■ **Collected data**:

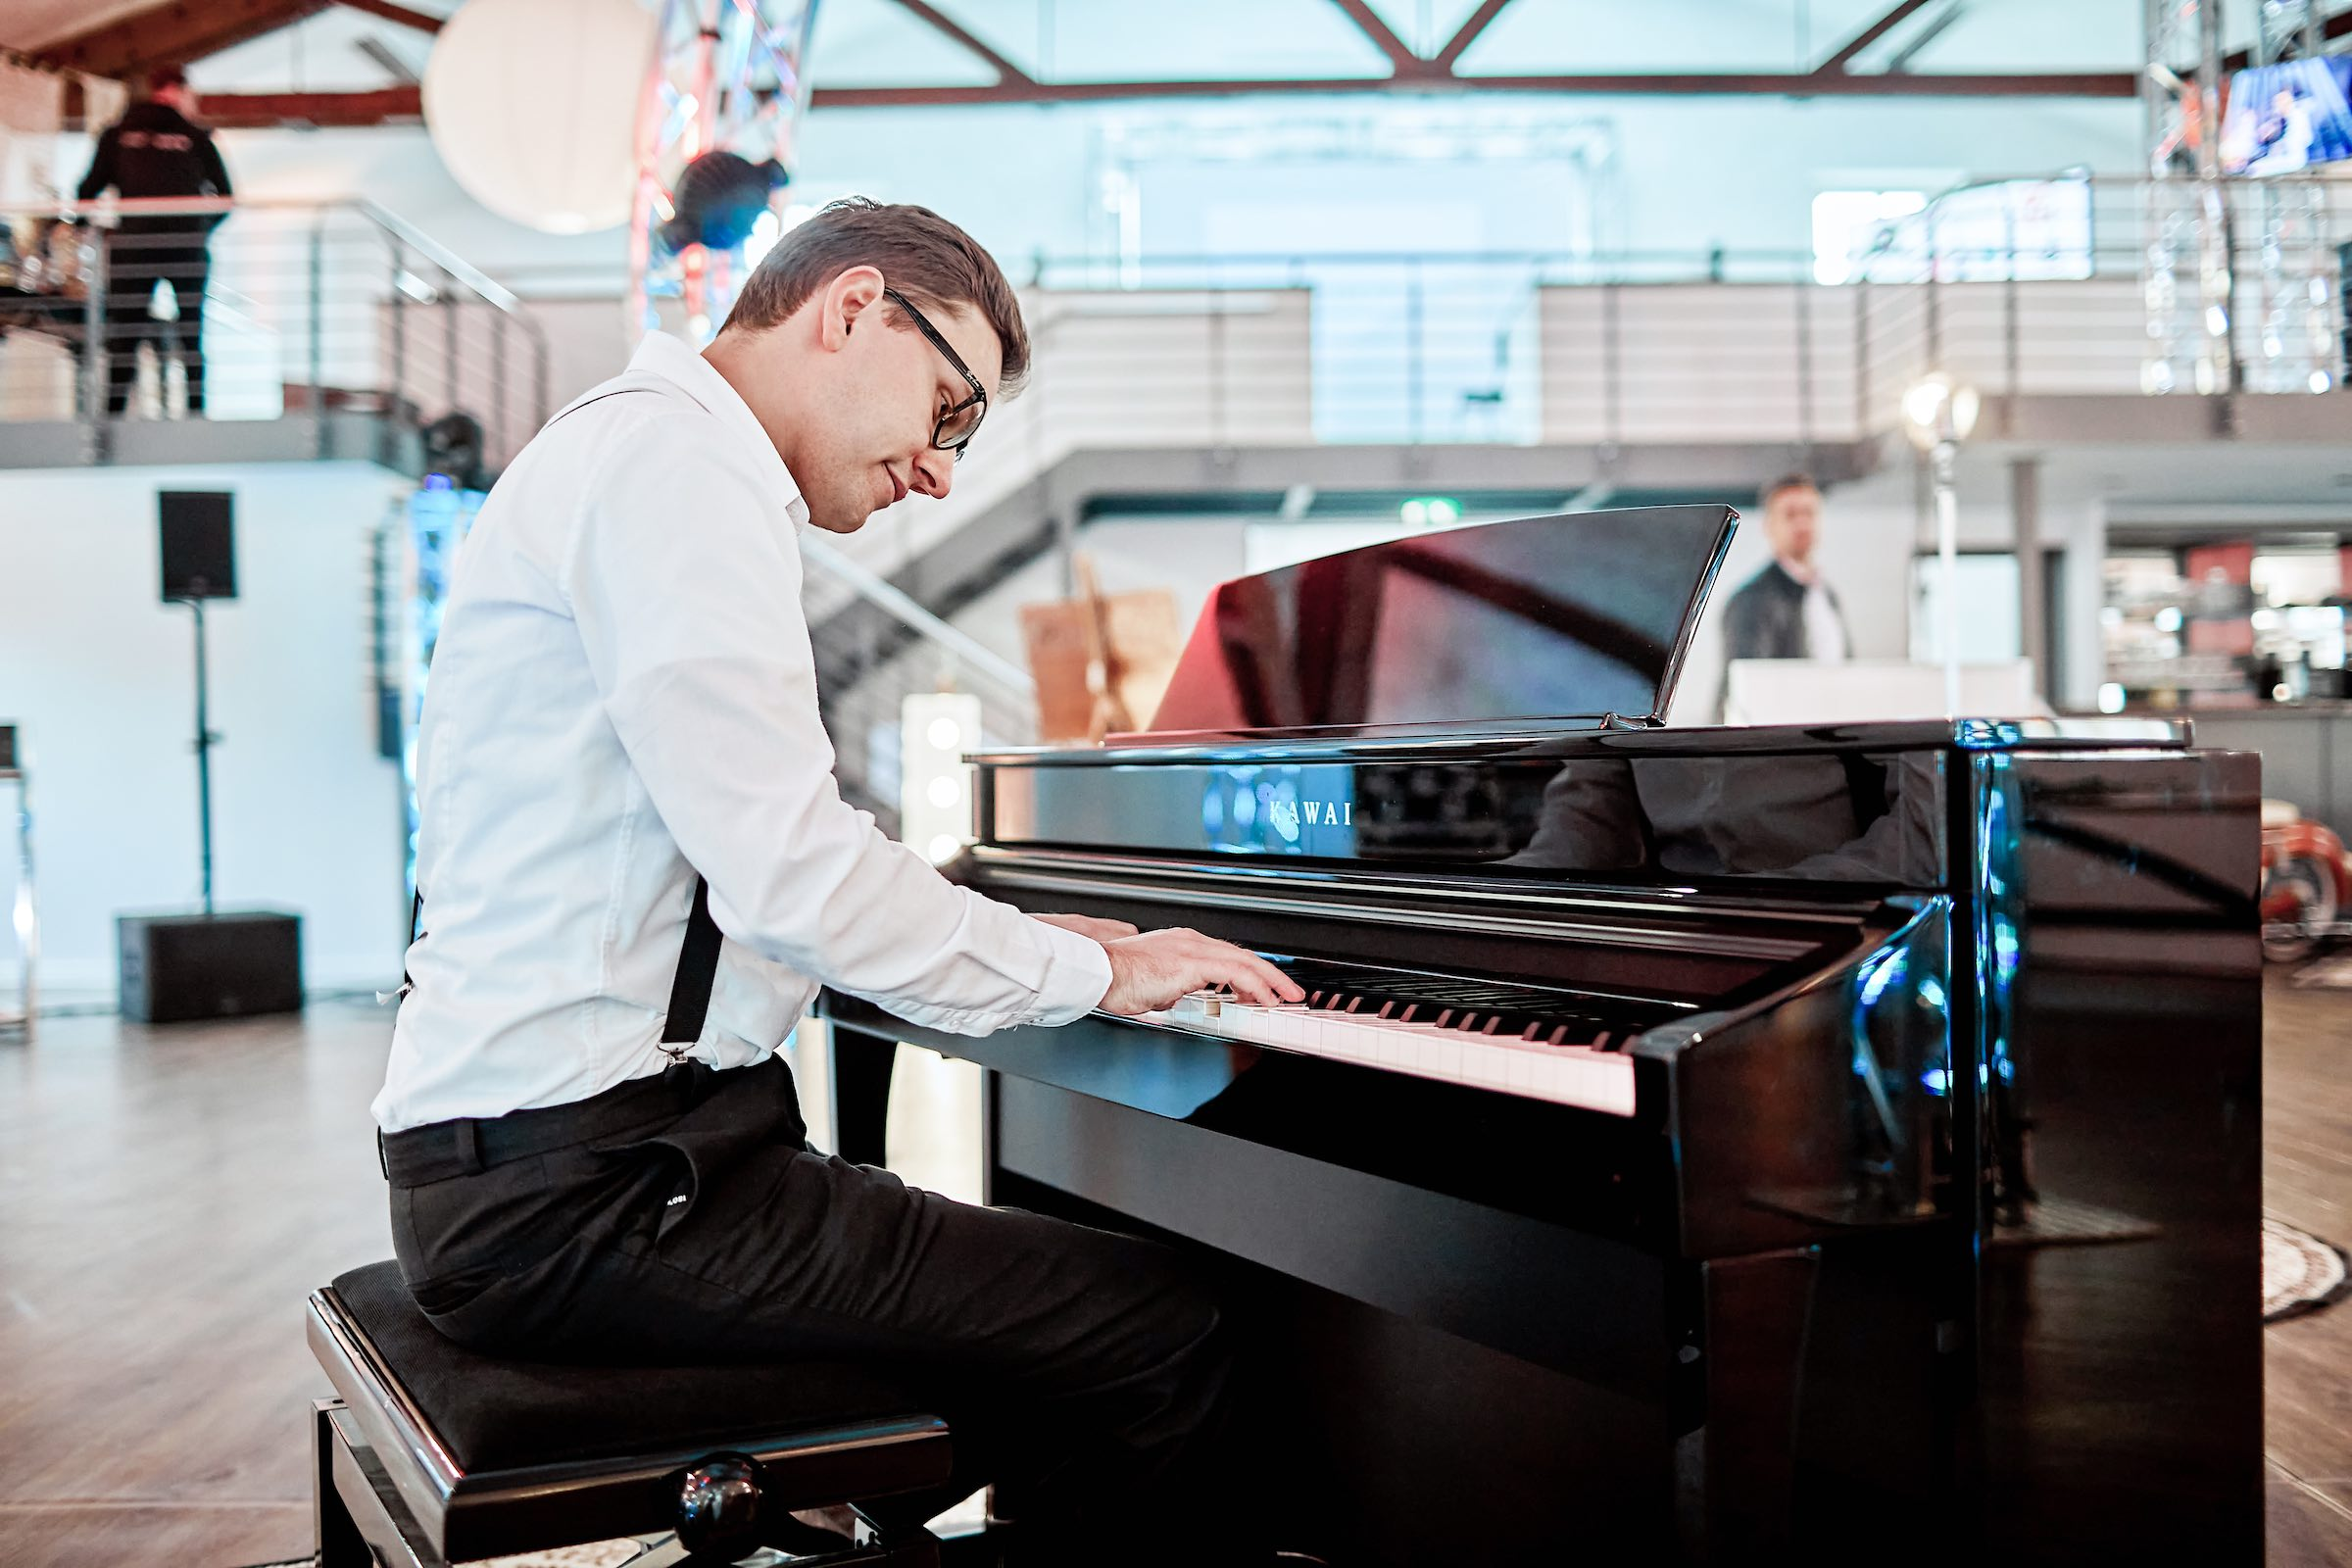 Pianist   Klavierspieler   Barpiano   Barpianist   Hannover   Alexander   Barsch   Hochzeit   Empfang   Trauung   Sektempfang   Dinner   Kirche   Buchen   Mieten   Anfragen   Lehmann   Eventservice
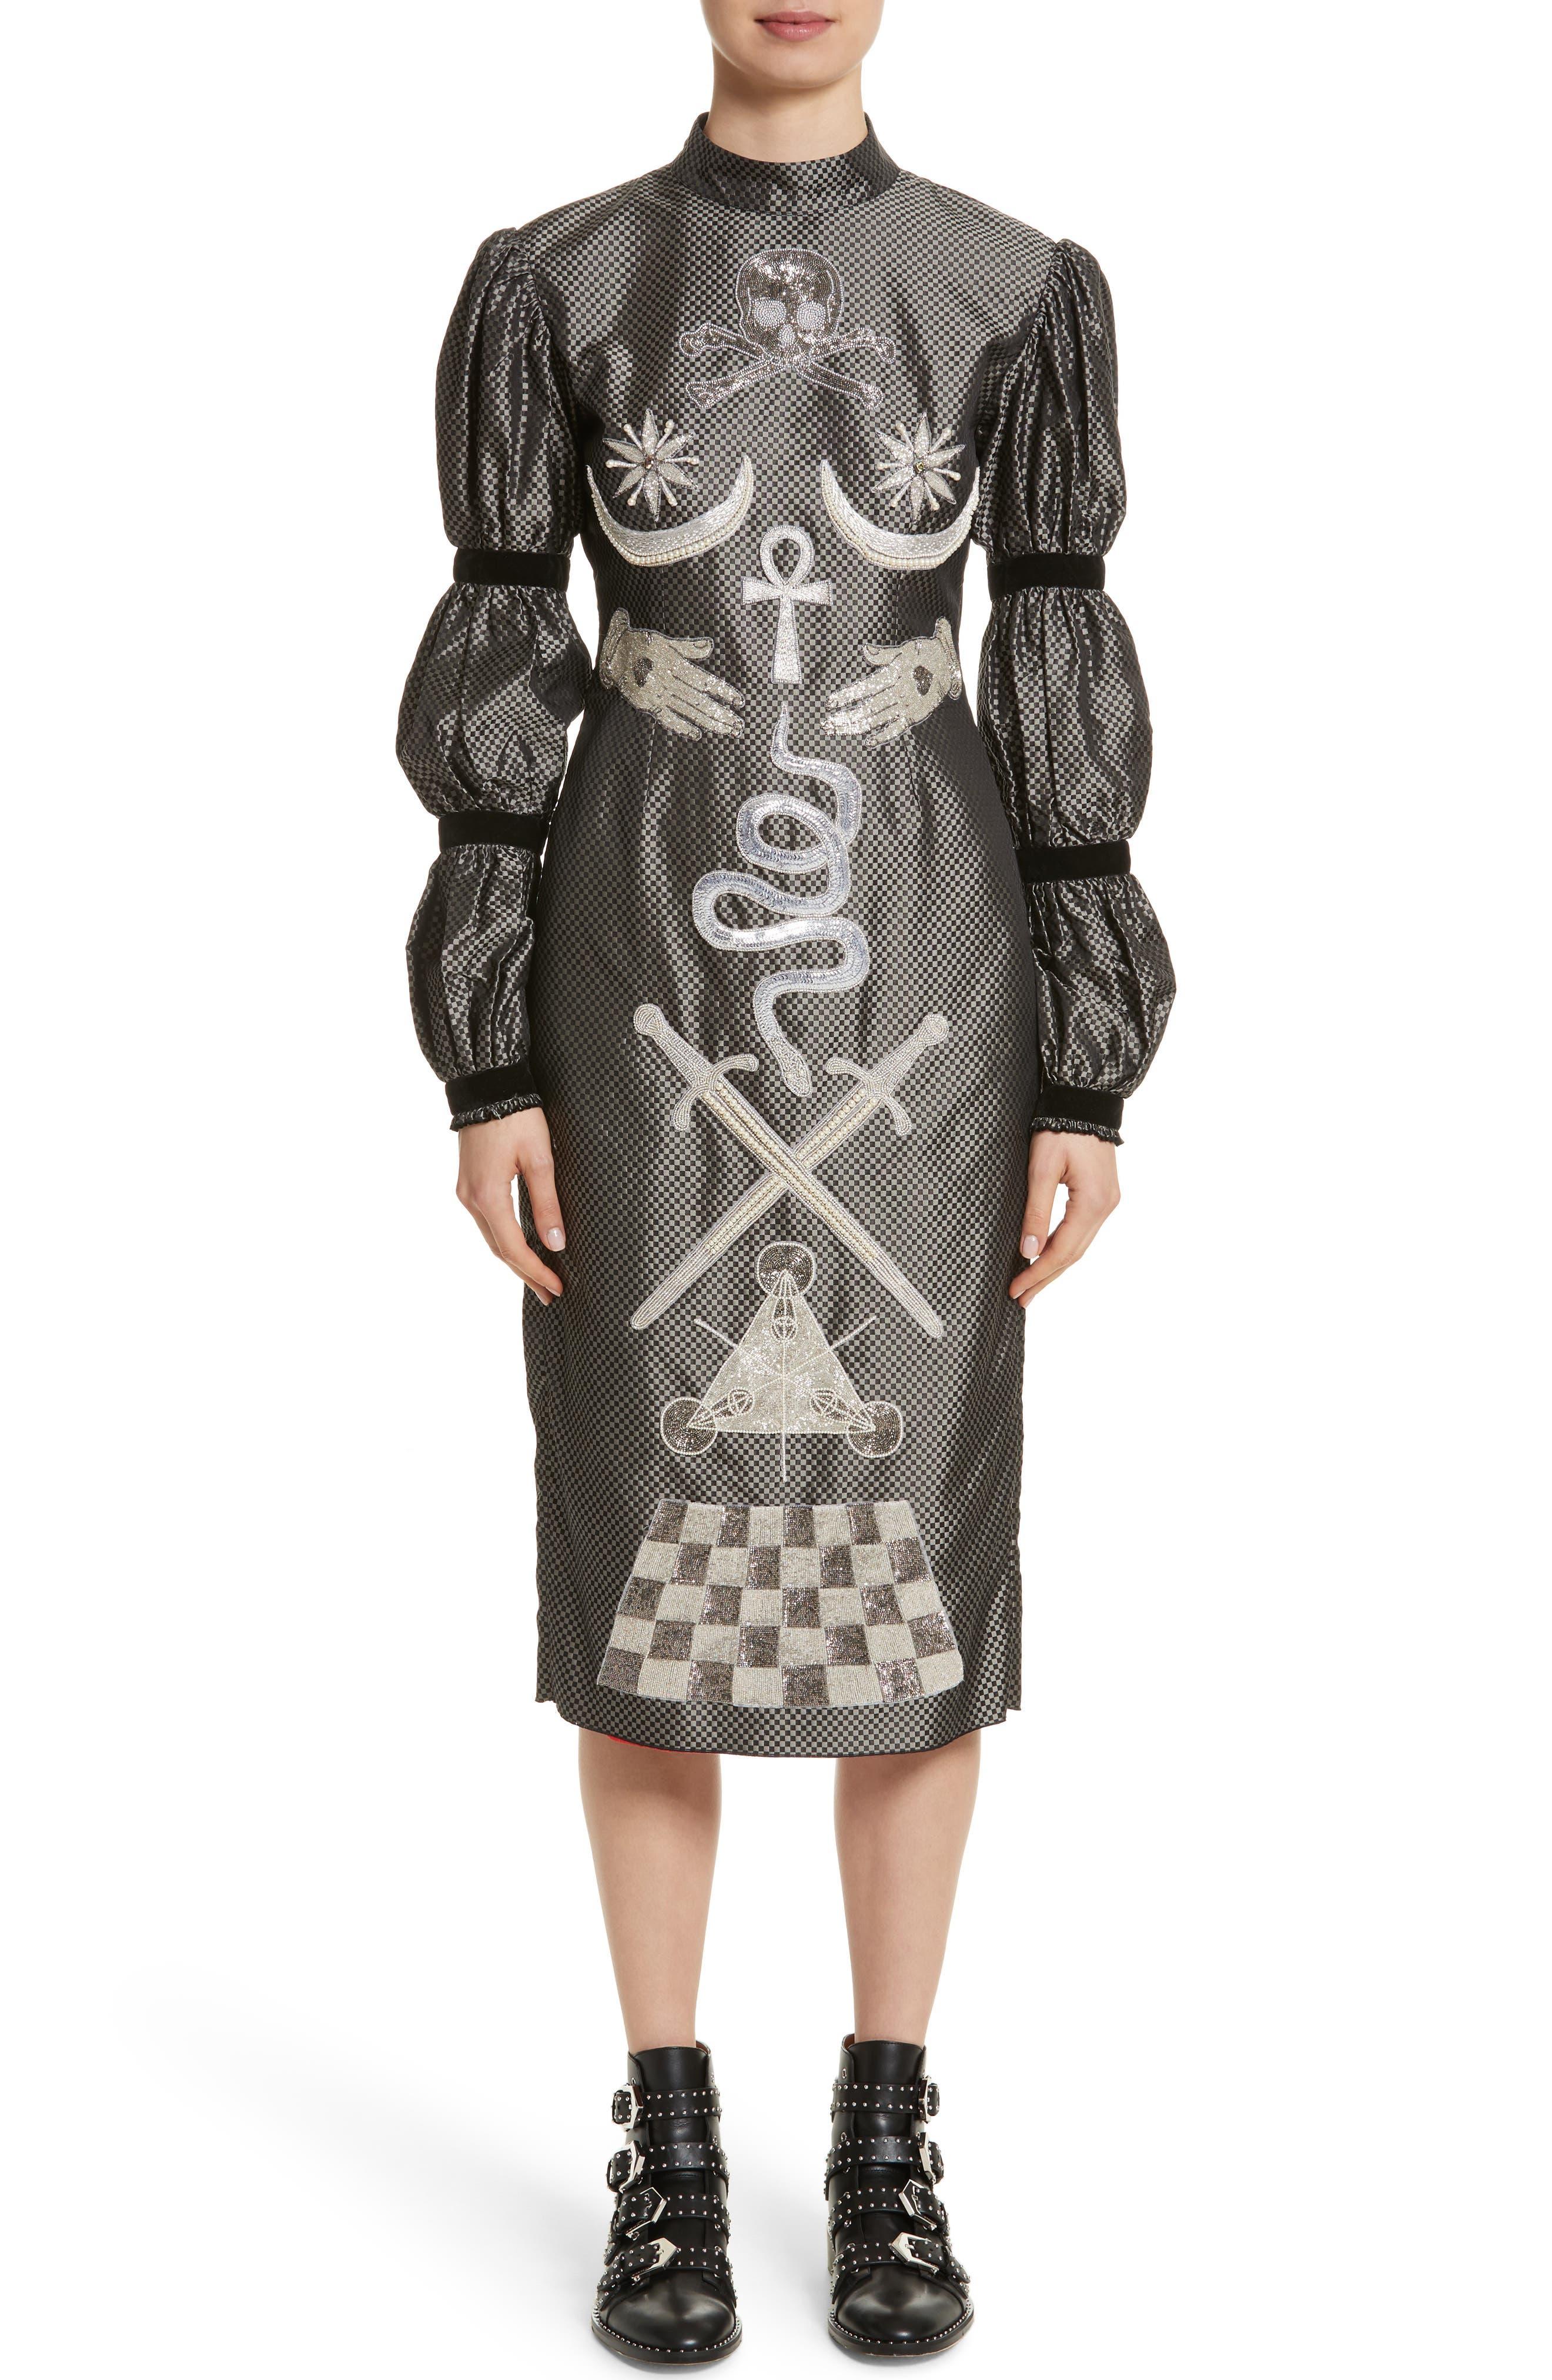 DILARA FINDIKOGLU Alien Goddess Embellished Silk Dress, Main, color, 040
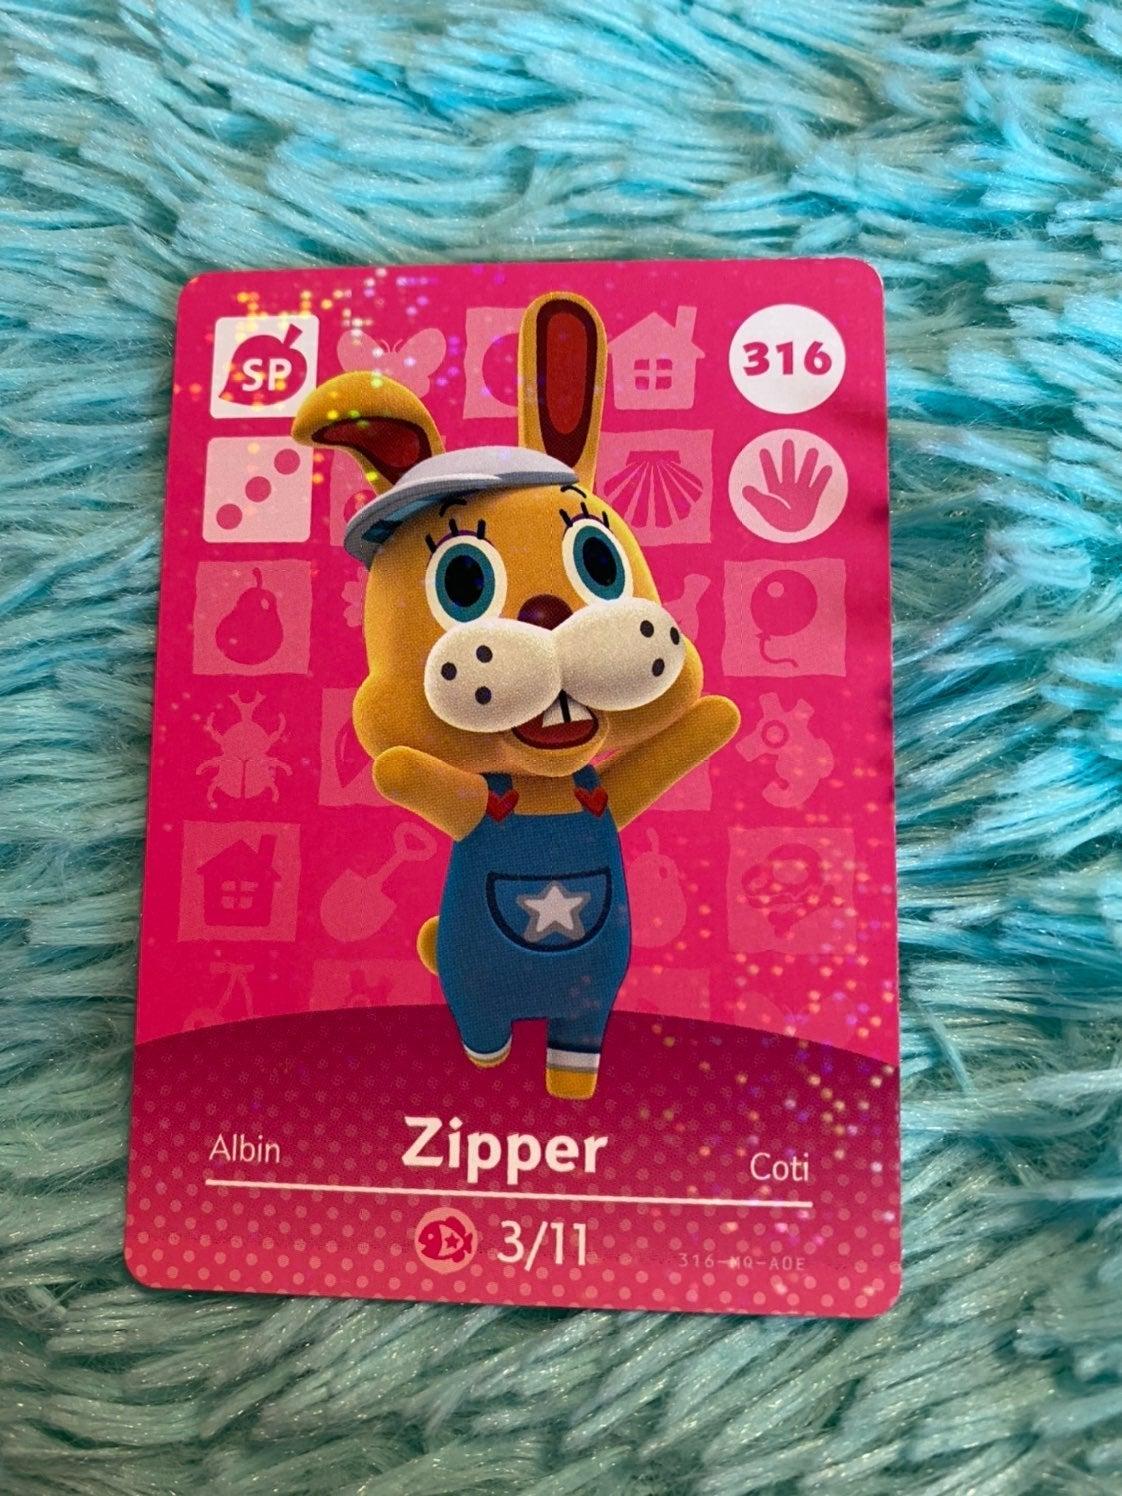 Zipper - Animal Crossing Amiibo Card

■ **Exercise prompt**: Apart from the pictures, all of the data must be duplicated exactly as shown above.

■ **Response**:
 Pianist   Klavierspieler   Barpiano   Barpianist   Hannover   Alexander   Barsch   Hochzeit   Empfang   Trauung   Sektempfang   Dinner   Kirche   Buchen   Mieten   Anfragen   Lehmann   Eventservice
 DILARA FINDIKOGLU Alien Goddess Embellished Silk Dress, Main, color, 040
 Zipper - Animal Crossing Amiibo Card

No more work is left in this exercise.